As demonstrated by our data, it is, however, relevant to ensure that the evaluated portions of the reconstructed images are free of spurious changes of the lesion to blood image contrast which might be caused by attenuation and scatter correction related effects in certain regions, notably induced by organ motion near the diaphragm and liver dome. Indeed, while the overall interobserver variability in the investigated patient group is very small, closer inspection of the data on a per-patient basis revealed that some patients exhibit substantially increased interobserver variability (see Figs. 2 and 3). Consequently, the SD p histogram in Fig. 4 shows a tail towards higher SD p values in a small fraction of patients. Retrospective examination of the affected image data identified in most of them spurious, motion-induced signal decrease due to attenuation undercorrection and/or scatter overcorrection (caused by attenuation/emission mismatch near the liver dome). This signal drop also affects part of the aorta, and the affected areas were erroneously not excluded from delineation by some observers (thus deviating from the provided procedure guideline). Such sporadic oversights are possibly unavoidable, as their occurrence in the present study suggests. It might therefore be advisable to exclude the potentially affected region categorically (instead of letting the observer decide this on a per case basis) by not extending delineation below a plane about 5 cm above the diaphragm.
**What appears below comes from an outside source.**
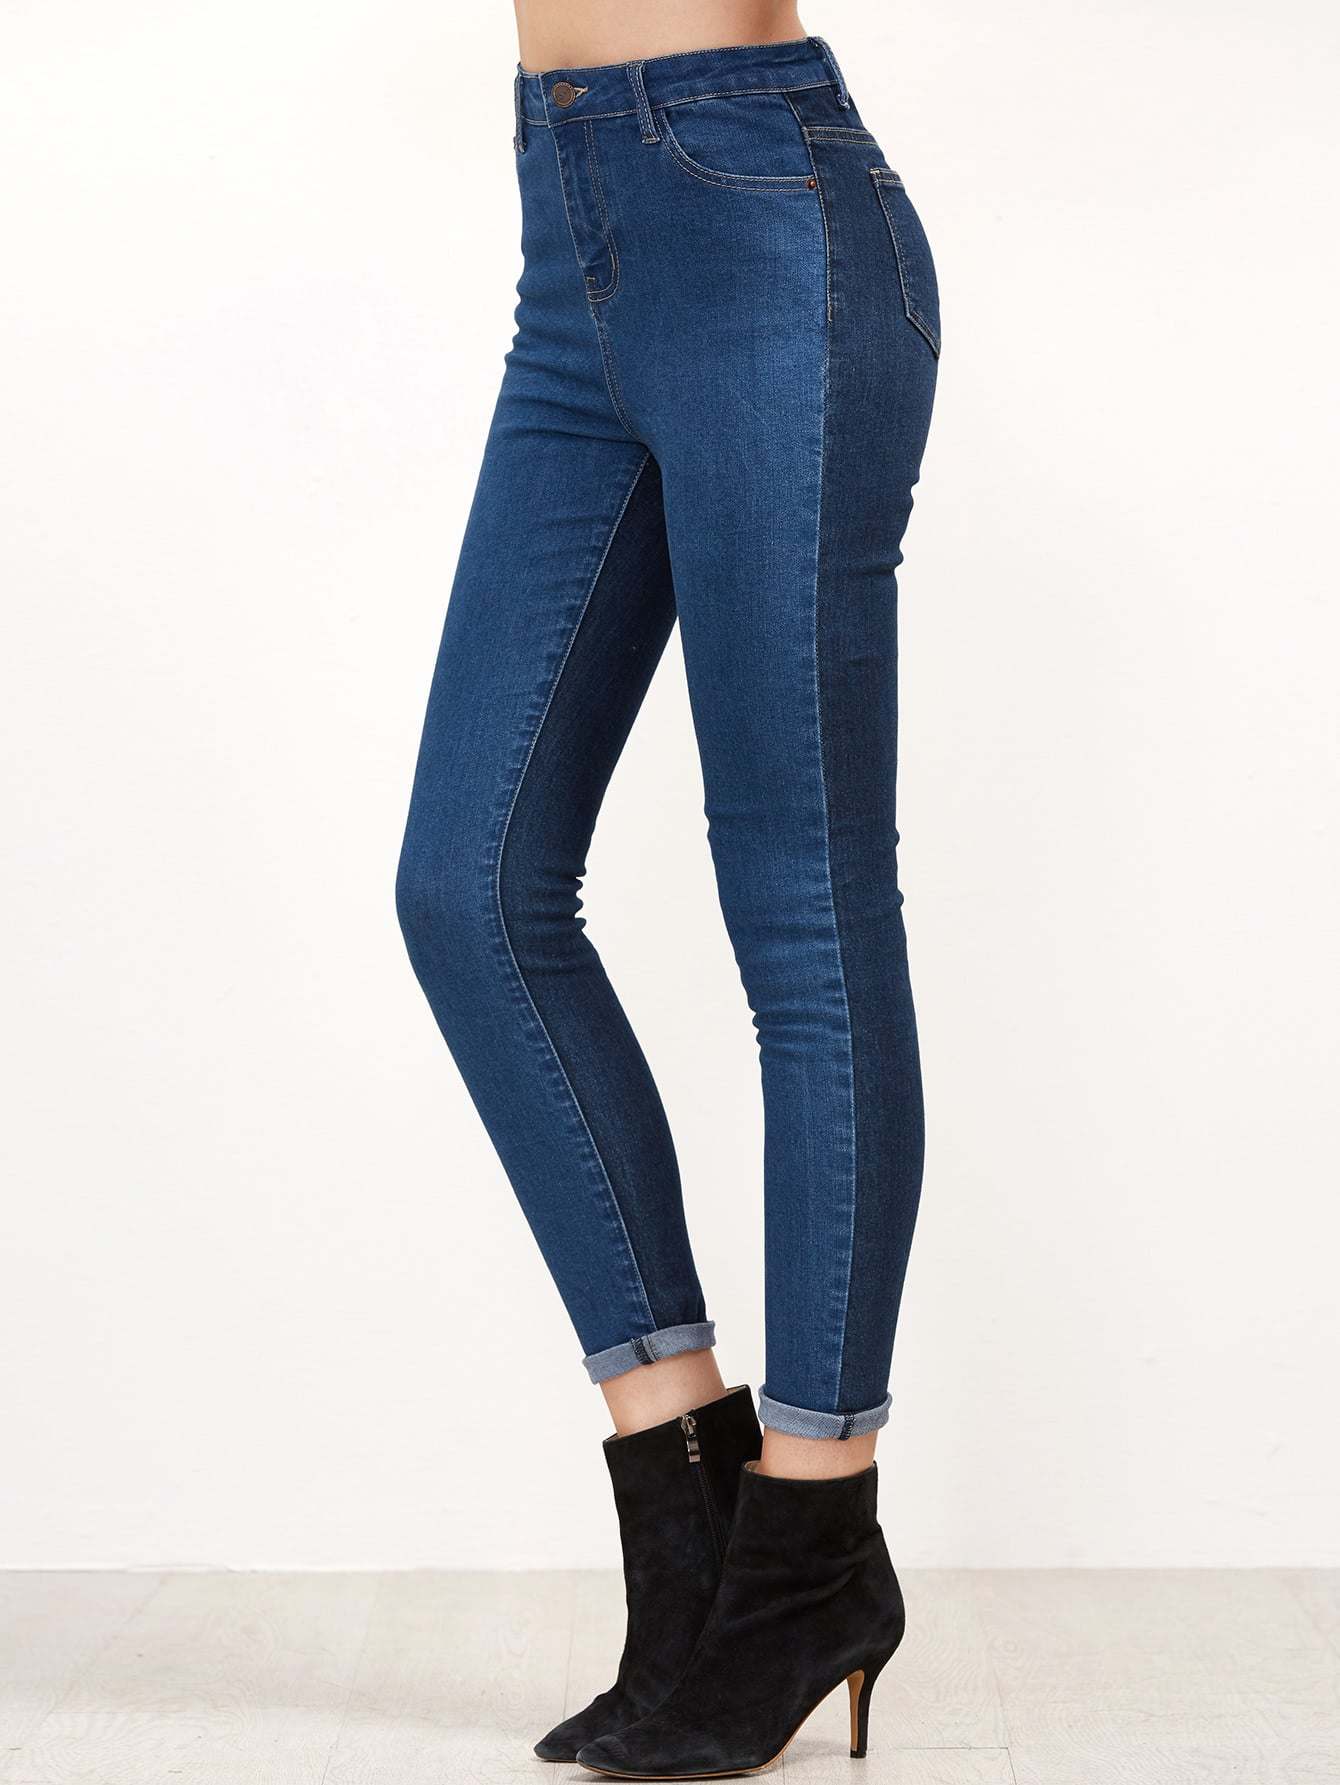 SheIn Contrast Skinny Denim Jeans

But even with the presently used prescription, the worst case deviation from the observer mean for any patient remained below 11% which still is much smaller than the observed BSUV intersubject variability (range [ − 37, 41]%). Nevertheless, a clear patient dependence of the interobserver variability as described by SD p is present which has a range equal to [0.7, 7.4]%. In comparison, the overall performance of the different observers when averaged over the whole patient group is rather similar as illustrated by Fig. 5 and the small SD d range of [2.3, 3.4]%.
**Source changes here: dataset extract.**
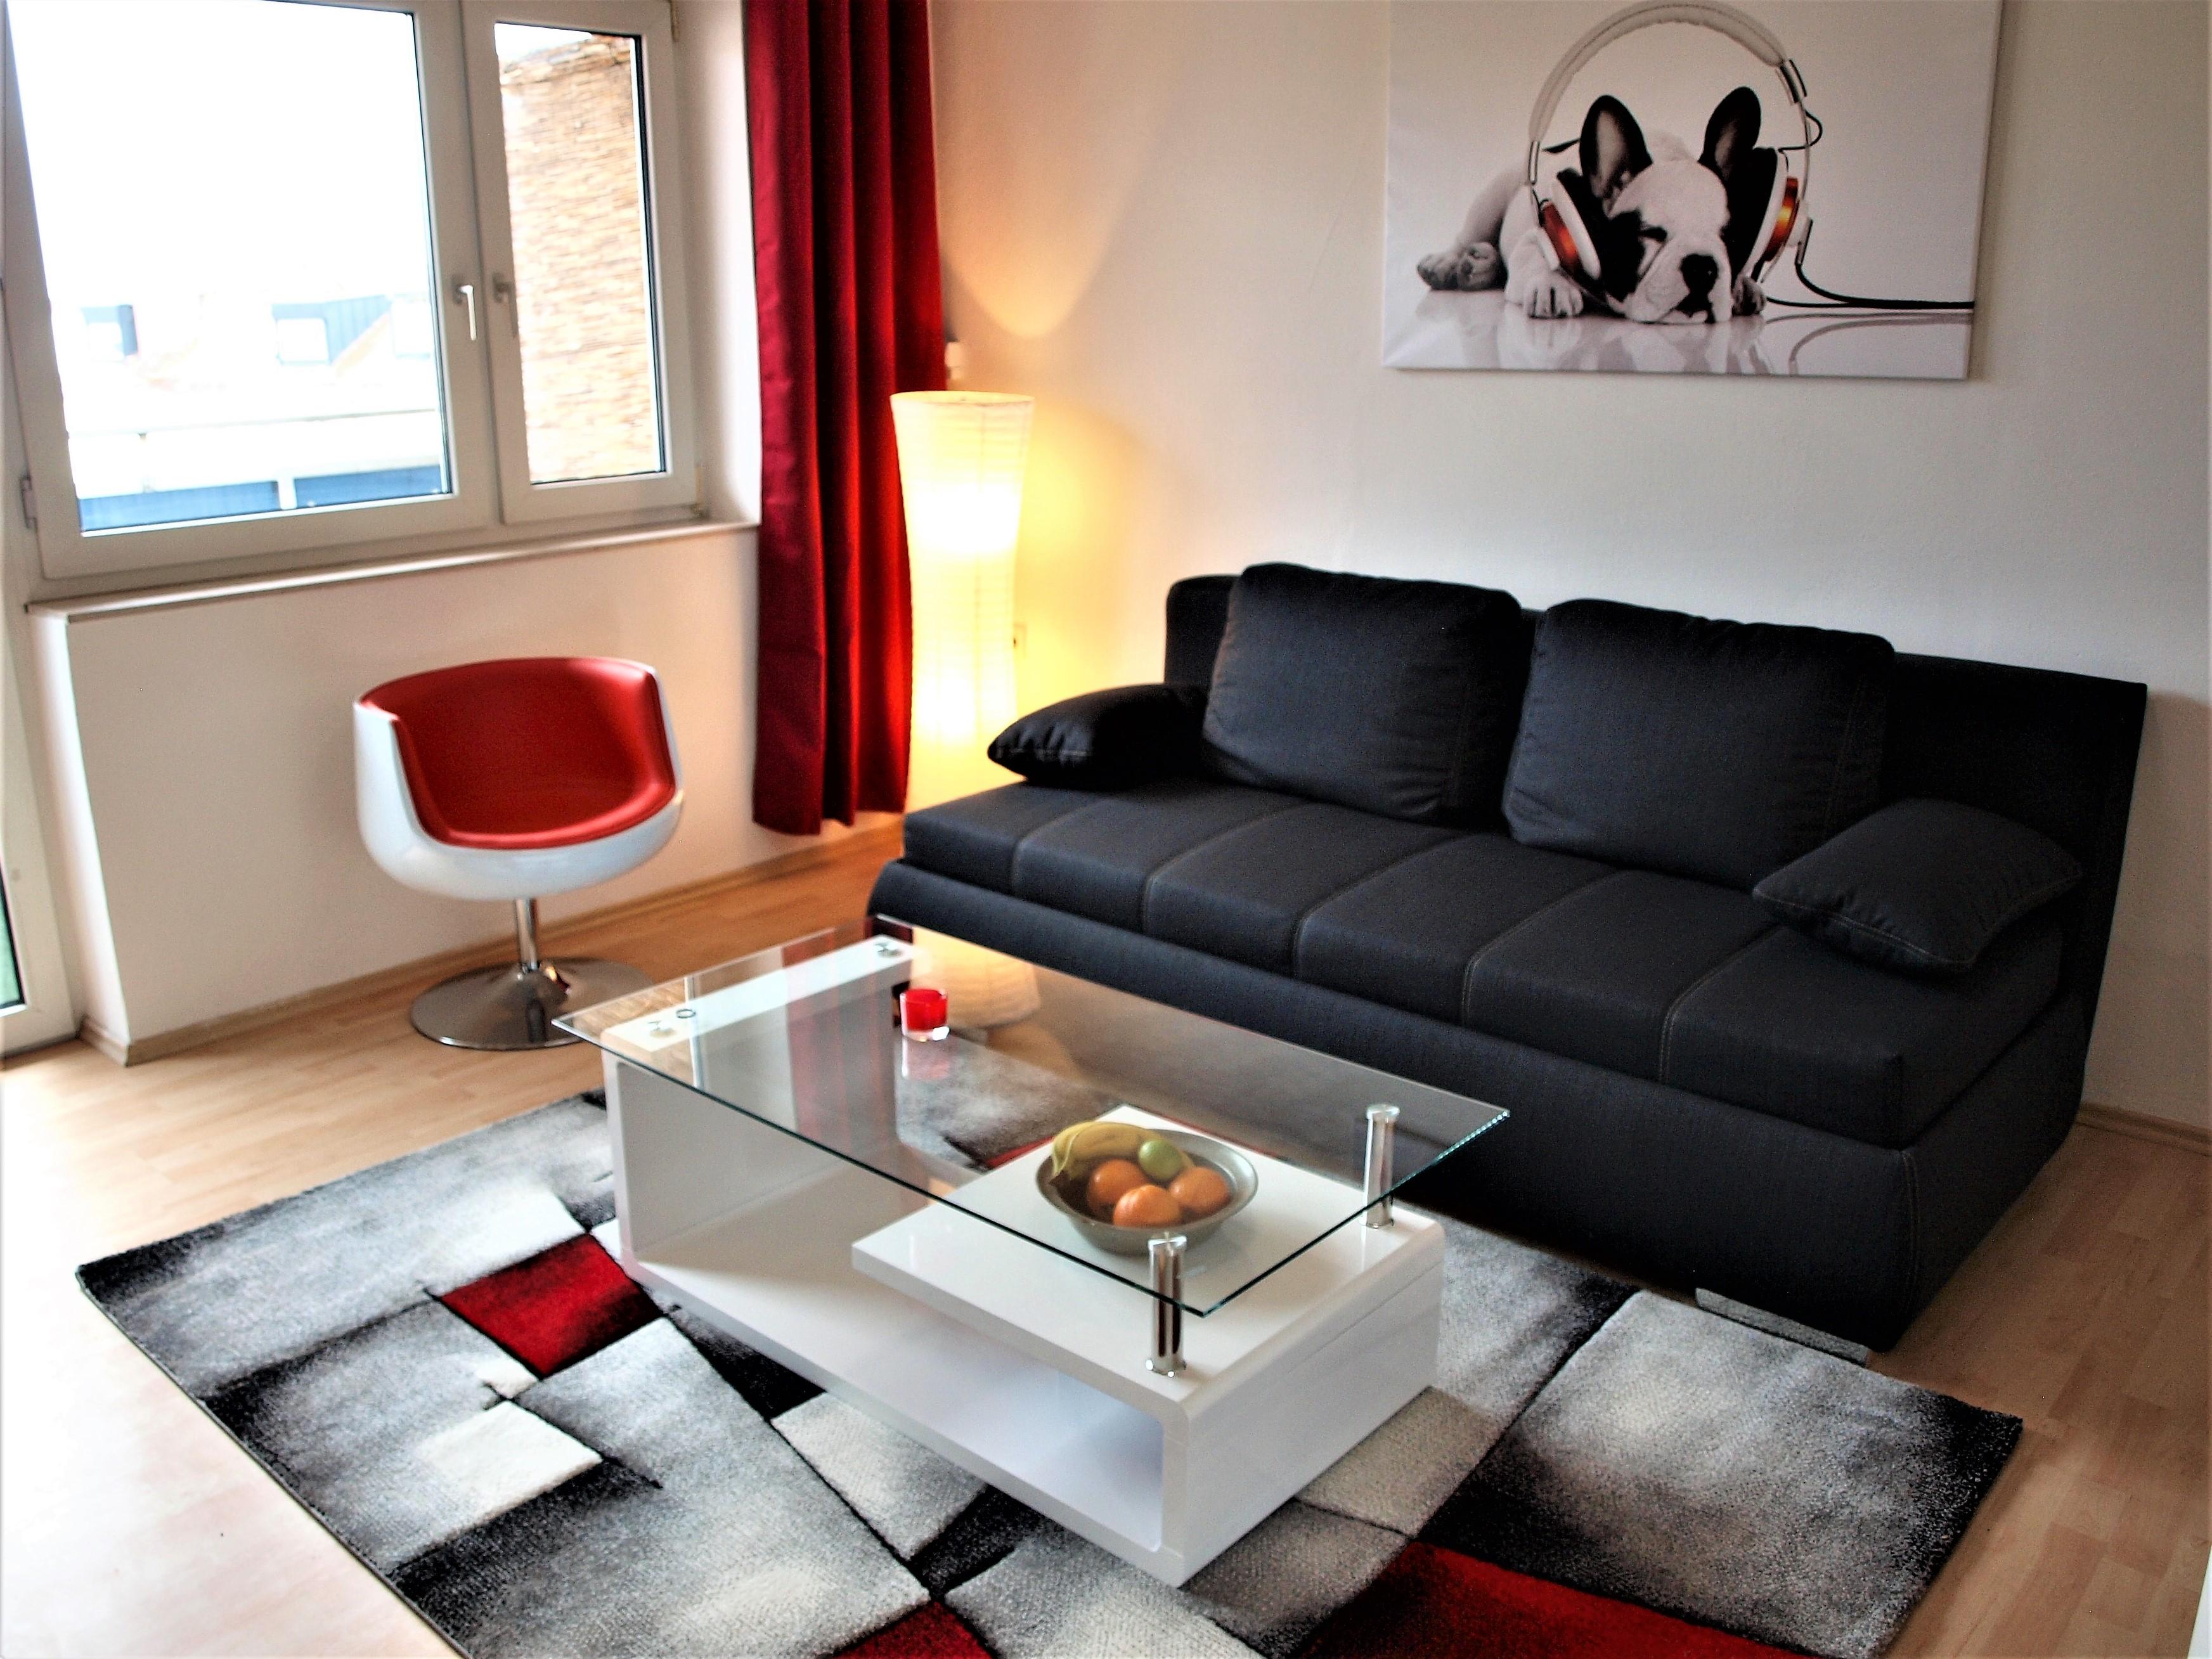 Immobilienverkauf in Nürnberg und Umgebung

A potential shortcoming of the present study is the limited number of observers and delineation tools included. However, considering the very consistent performance of all observers and software tools regarding variability and deviation from the observer average, the obtained results are statistically already sufficiently reliable in our view. Therefore, our results overall demonstrate a very low interobserver variability of image-derived BSUV. Theoretically, the obtained BSUVs could still be negatively biased by partial volume effects (which would lead to systematic errors when computing SURs). However, by using a prescribed safety margin of about 8 mm to the aortic wall, partial volume effects are reduced to a negligible level. Even for a rather pessimistic scenario with a combination of small luminal aorta diameter of 21 mm [26, 27] and low spatial resolution in the image data of FWHM=8 mm, signal recovery of delineation-averaged BSUV in a straight cylinder is equal to 0.985.

Conclusion

The present investigation demonstrates that the image-based manual determination of BSUV in the aorta is sufficiently reproducible across different observers and delineation tools which is a prerequisite for accurate SUR determination. This finding is in line with the already demonstrated superior prognostic value of SUR in comparison to SUV in the first clinical studies. The next logical step will be to fully automatize BSUV determination for a more streamlined use of SUR in the clinical setting. The presented data might serve as a valuable resource for validation of such future algorithms.